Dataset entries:
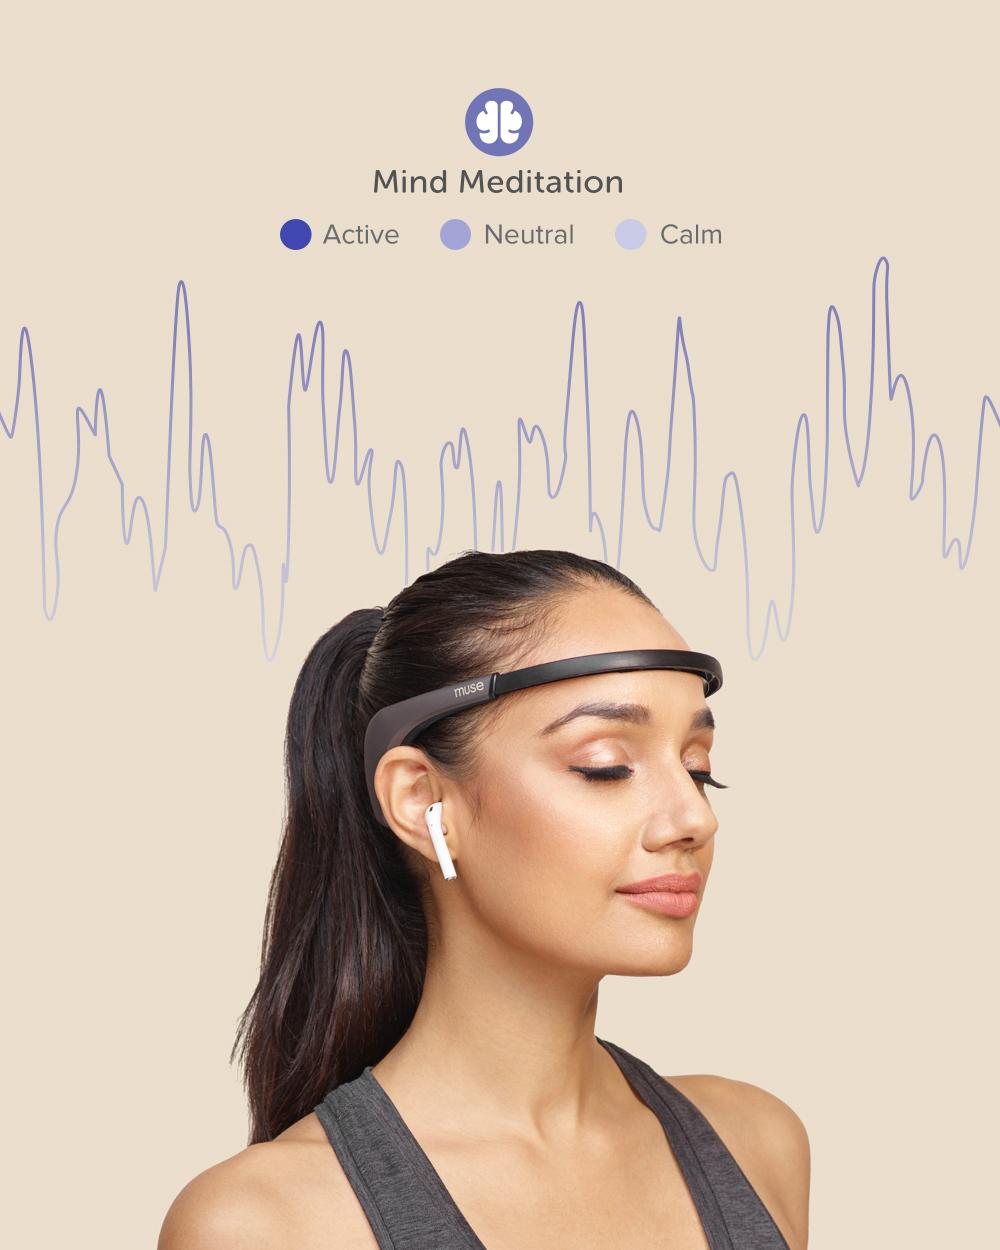 Muse 2 - Brain and Body Sensing Headband. Save 15% at Vital Mind Body.
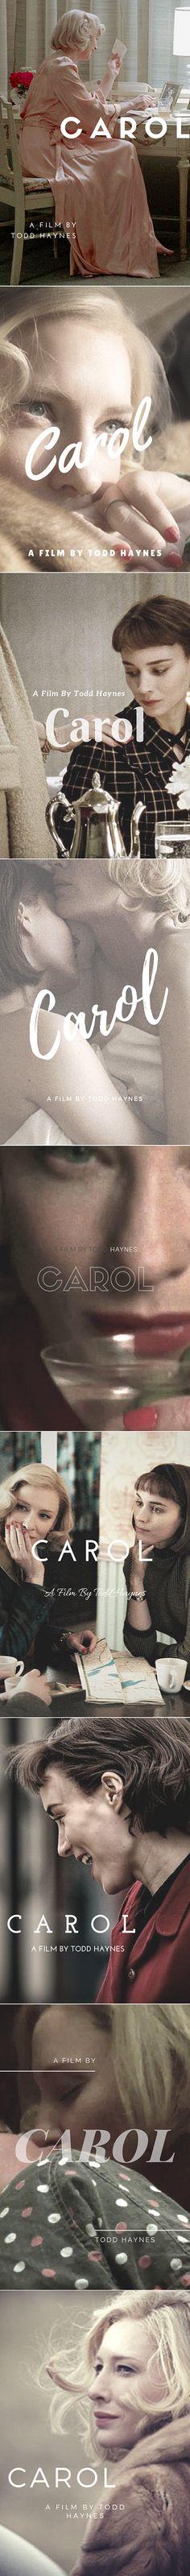 Alternative Movie Posters for Carol (2015)
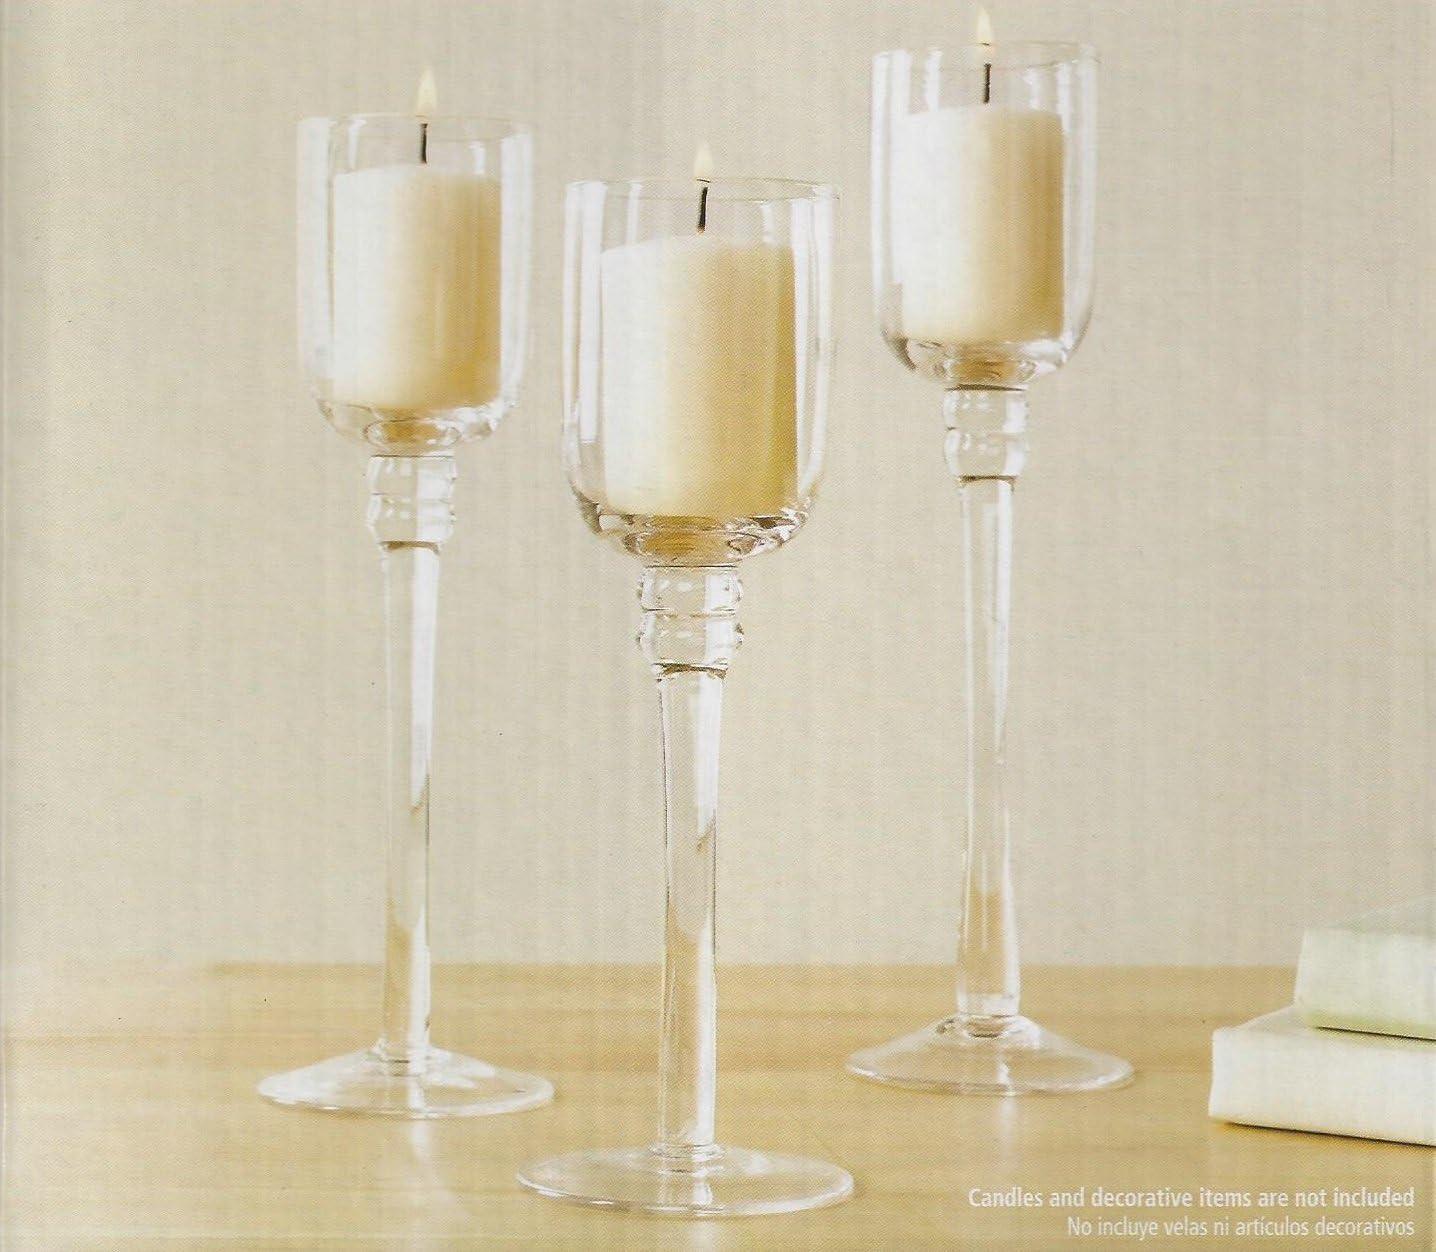 Amazon Com Mainstays Votive Tealight Holder Set 3 Glass Holders Variety Of Heights Home Kitchen
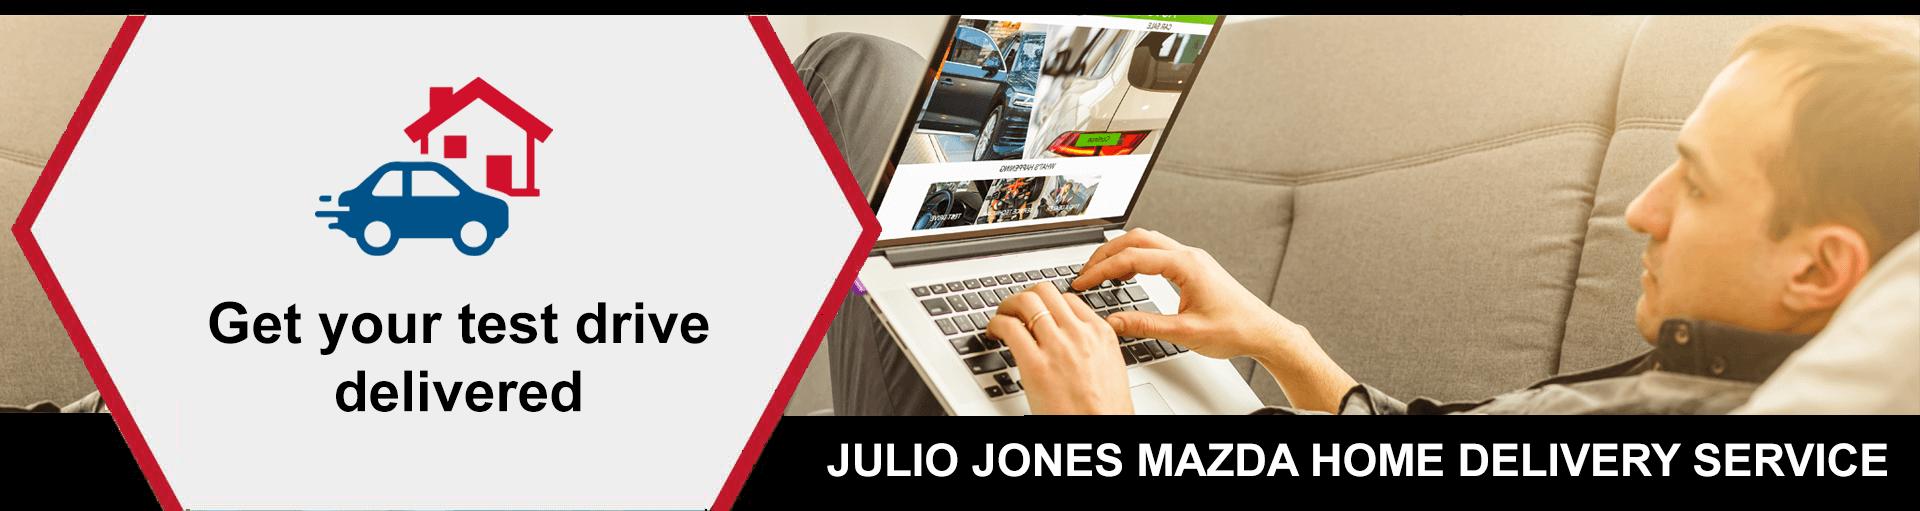 Julio Jones Mazda Home Delivery
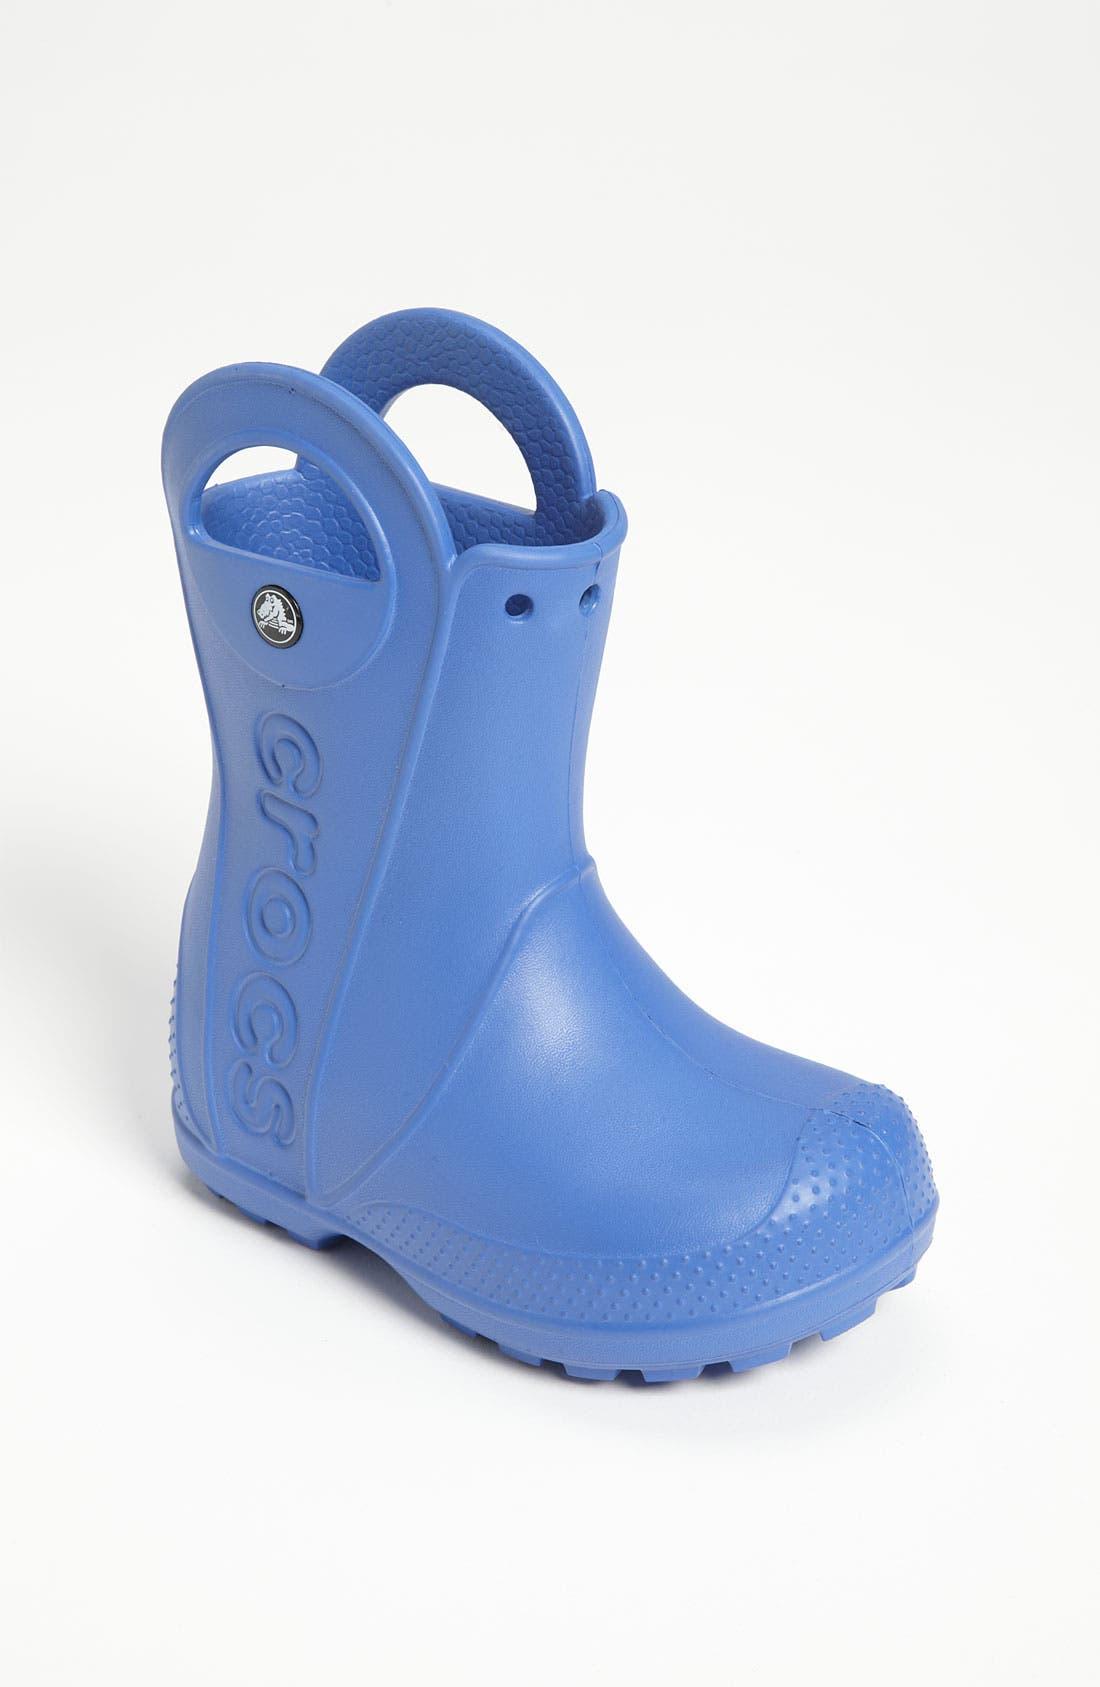 Alternate Image 1 Selected - CROCS™ 'Handle It' Rain Boot (Walker, Toddler & Little Kid)

◆ WHAT YOU WILL DO
Write out each entry exactly as given, but skip the pictures.

◆ EXERCISE SOLUTION
 Muse 2 - Brain and Body Sensing Headband. Save 15% at Vital Mind Body.
 Alternative Movie Posters for Carol (2015)
 Amazon Com Mainstays Votive Tealight Holder Set 3 Glass Holders Variety Of Heights Home Kitchen
 Julio Jones Mazda Home Delivery
 Alternate Image 1 Selected - CROCS™ 'Handle It' Rain Boot (Walker, Toddler & Little Kid)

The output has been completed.